### EXERCISE DETAILS
Beneath this instruction is a block of data; output from it exactly the lines that run from the one containing "Spazio profondo. Resa" through the one containing "Wu Lien-Teh Revisited: The", inclusive.

### DATA RECORDS
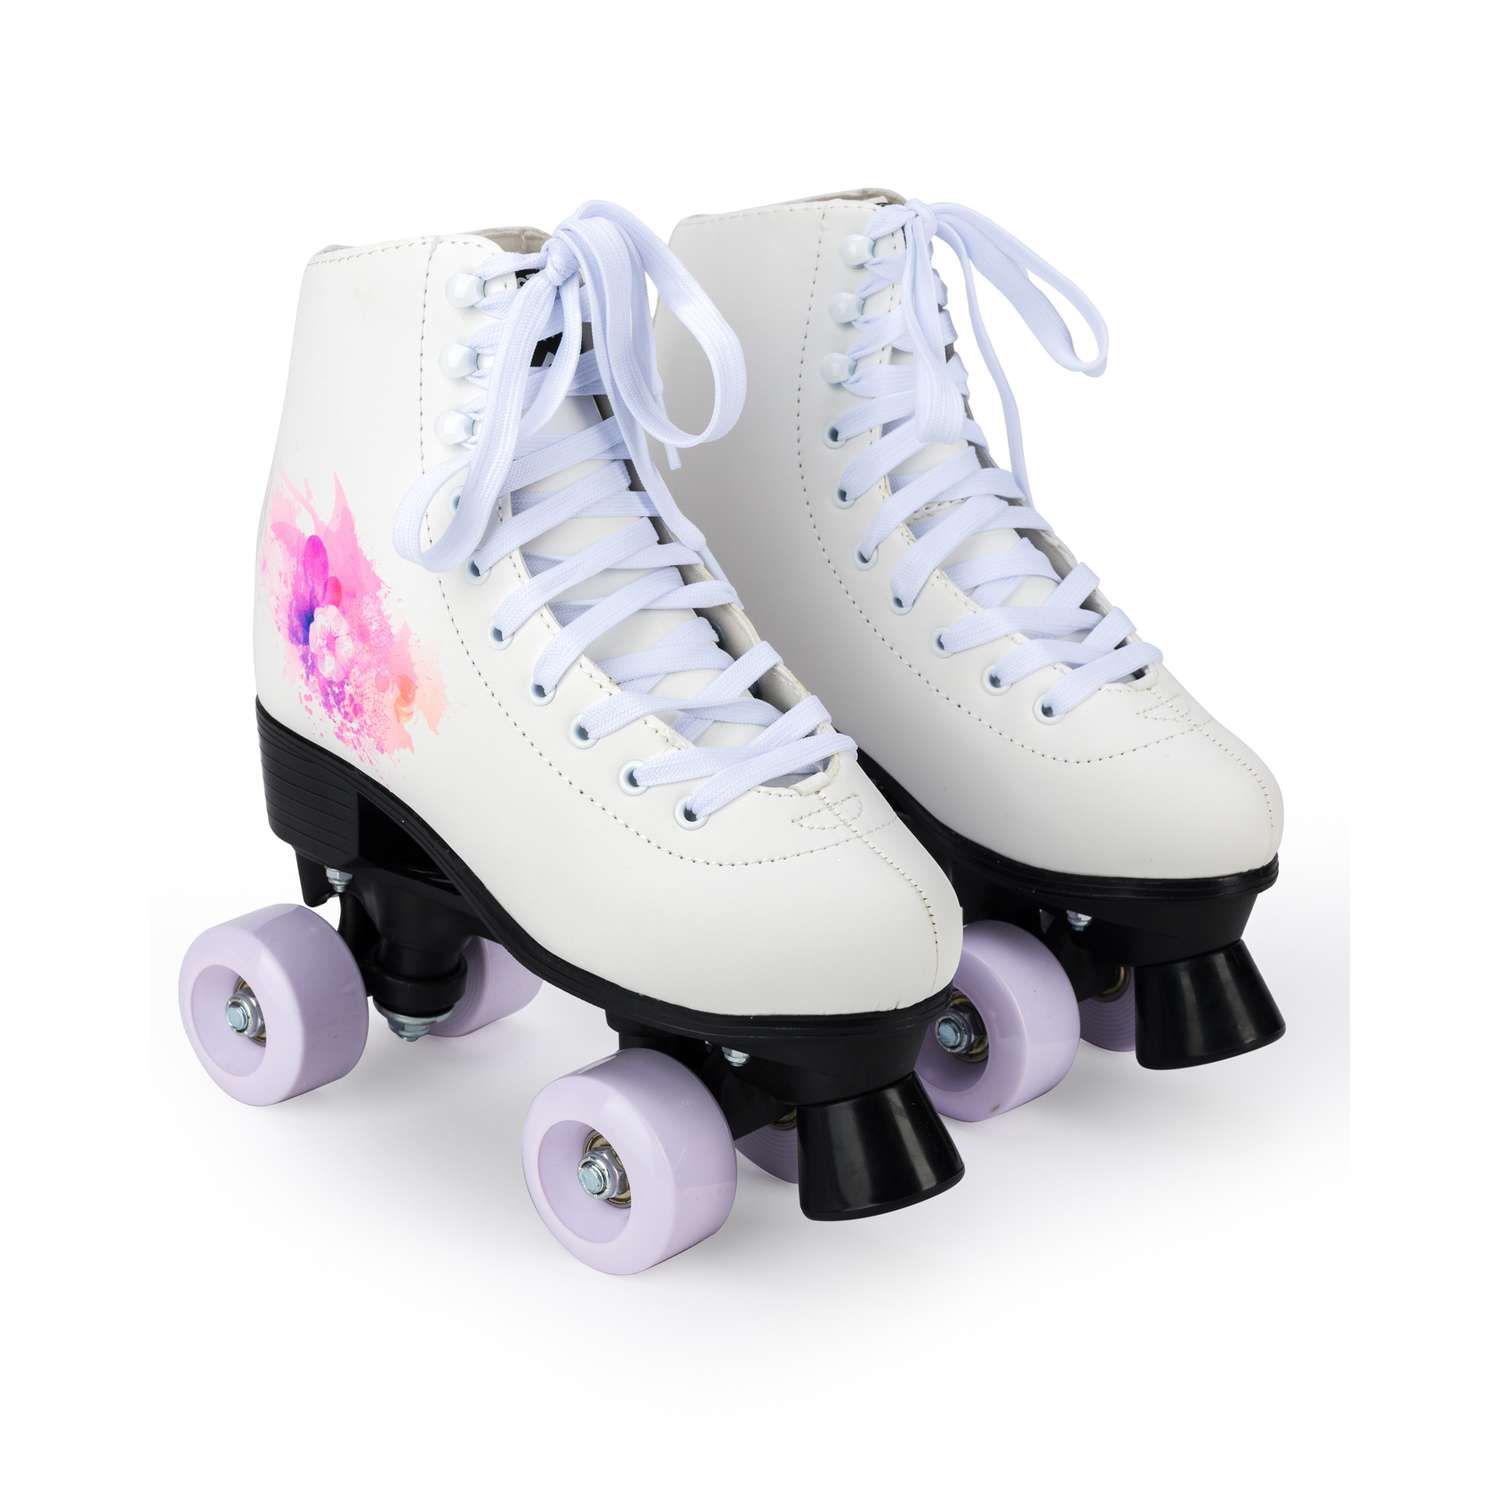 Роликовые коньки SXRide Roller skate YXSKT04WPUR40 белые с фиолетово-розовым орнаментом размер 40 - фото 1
* * *
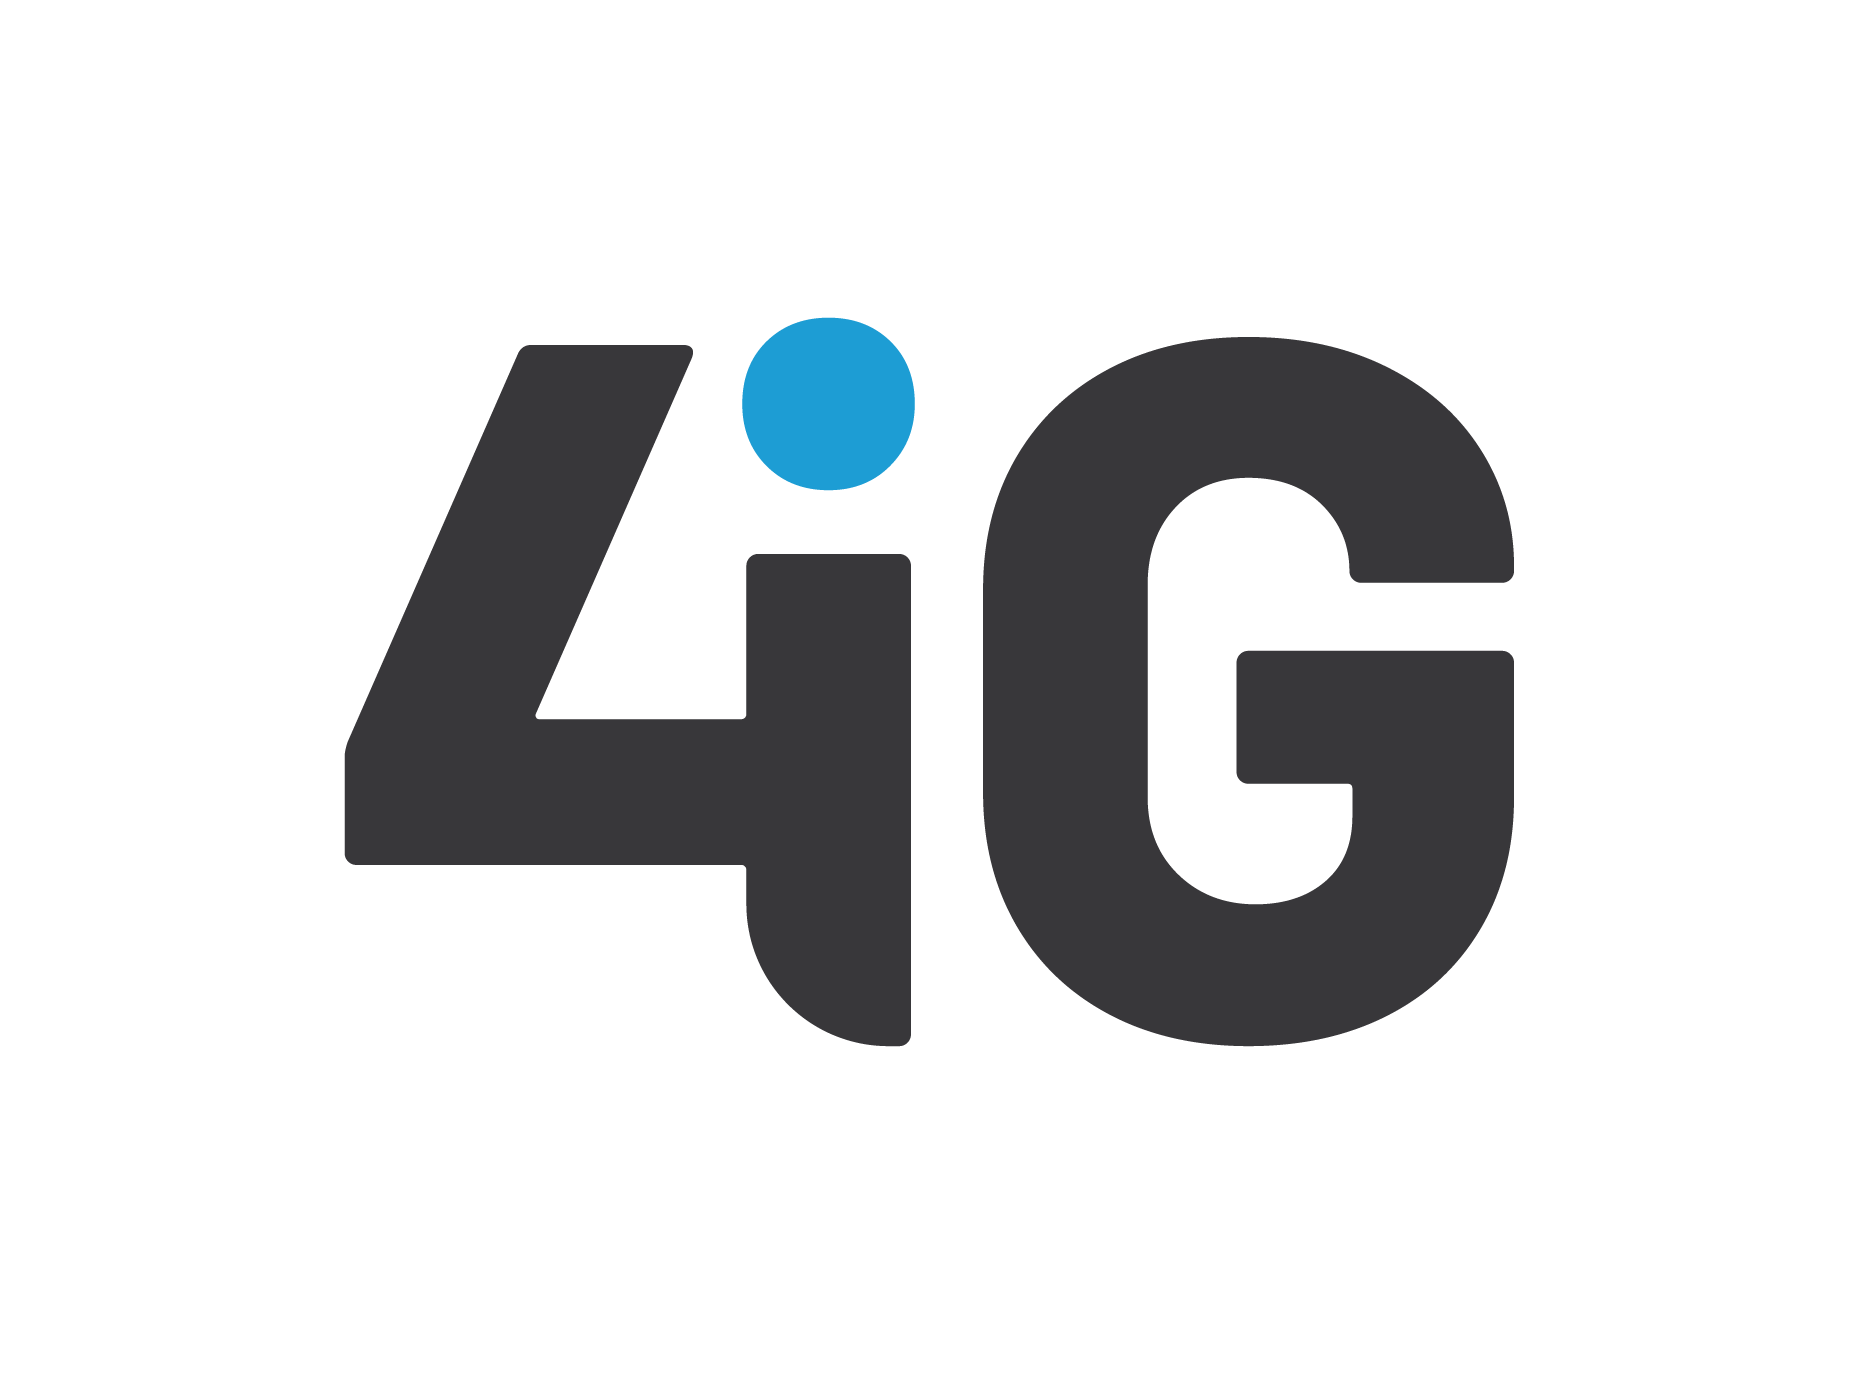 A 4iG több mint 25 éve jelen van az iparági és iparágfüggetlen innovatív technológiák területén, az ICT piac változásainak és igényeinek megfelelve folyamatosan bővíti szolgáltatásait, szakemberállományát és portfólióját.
---
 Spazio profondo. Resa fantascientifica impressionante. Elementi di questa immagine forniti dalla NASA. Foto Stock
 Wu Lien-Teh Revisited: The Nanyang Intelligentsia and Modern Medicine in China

### ANSWER FOR THE TASK
 Spazio profondo. Resa fantascientifica impressionante. Elementi di questa immagine forniti dalla NASA. Foto Stock
 Wu Lien-Teh Revisited: The Nanyang Intelligentsia and Modern Medicine in China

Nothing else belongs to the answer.